Transaction overview
Oltre Impact SGR, an Italian investment firm focused on sustainable impact investments, acquired a 55% stake in THEMOIRè and OOF Wear, two leading Italian fashion brands known for their sustainability practices. The deal has a value of $6 million (€6.2 million), with the exact closing date not disclosed but presumed to be recent given the announcement's timing. Both THEMOIRè and OOF Wear have gained recognition in the market for producing high-quality products using eco-friendly materials, positioning them as pioneers in the sustainable fashion sector.
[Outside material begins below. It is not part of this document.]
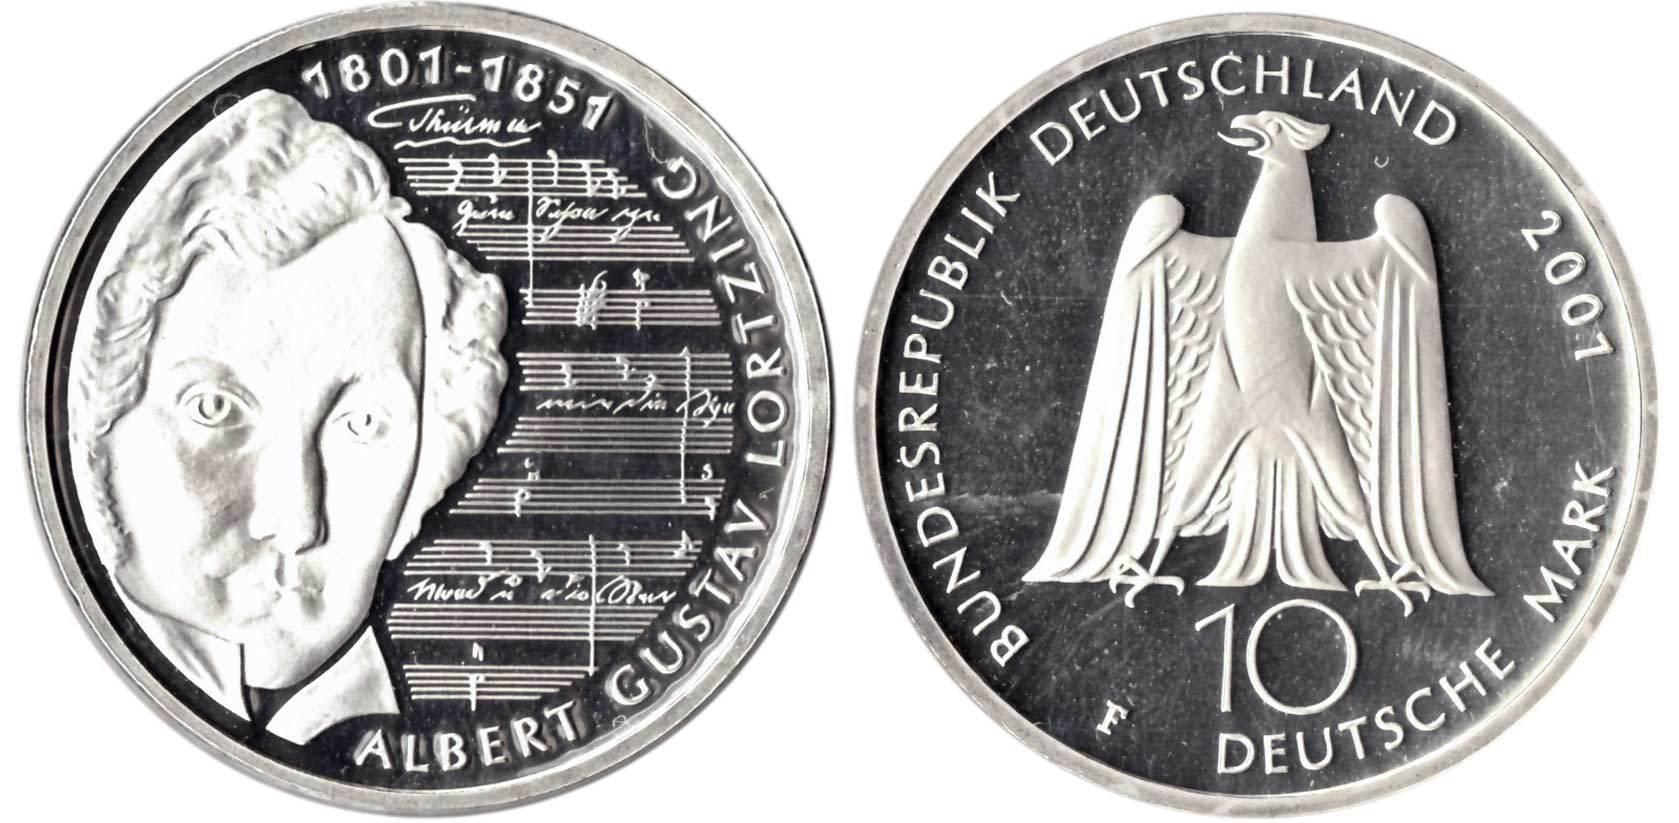 10 марок. 250 лет со дня рождения Альберта Лорцинга (F). Серебро. 2001 г. PROOF

Deal structure and financing
The acquisition by Oltre Impact SGR is structured as a 55% equity stake with no specific details on debt or other forms of financing disclosed. Lead banks involved in facilitating this transaction are not specified. Given the relatively modest deal size of $6 million, it is likely that the financing was self-funded through existing resources rather than external bank loans. No information has been released regarding any seller retained stake, lock-up agreements for key personnel, or IPO options post-acquisition.
Strategic context
Oltre Impact SGR's decision to invest in THEMOIRè and OOF Wear reflects a strategic shift towards sustainable fashion brands with significant growth potential and market recognition for quality products and environmental focus. Both companies have established themselves as leaders in the Italian luxury goods sector, known for innovative designs and eco-friendly production processes. The acquisition aims to accelerate these brands' growth while maintaining their commitment to sustainability through support in areas such as supply chain optimization, material sourcing, and environmental impact measurement using tools like Life Cycle Assessment (LCA). For THEMOIRè, founded by Salar Bicheranloo and Francesca Monaco in 2019, the deal provides a substantial boost for its ongoing development. Similarly, OOF Wear benefits from enhanced operational support to further its mission of producing outerwear with recycled materials.
Regulatory path
As this is an intra-European acquisition valued at $6 million (€6.2 million), regulatory scrutiny was likely limited and primarily focused on the EU's merger control regime under the European Commission’s thresholds, which typically apply to transactions exceeding €430 million in value for the relevant markets. Given the deal size being well below these thresholds, no significant antitrust concerns were raised by regulators. Consequently, the transaction did not necessitate formal filings with authorities and proceeded without major regulatory hurdles or required remedies.
The primary jurisdictions involved are Italy due to both the acquirer’s and target companies’ locations, ensuring compliance with national laws governing corporate acquisitions within the country.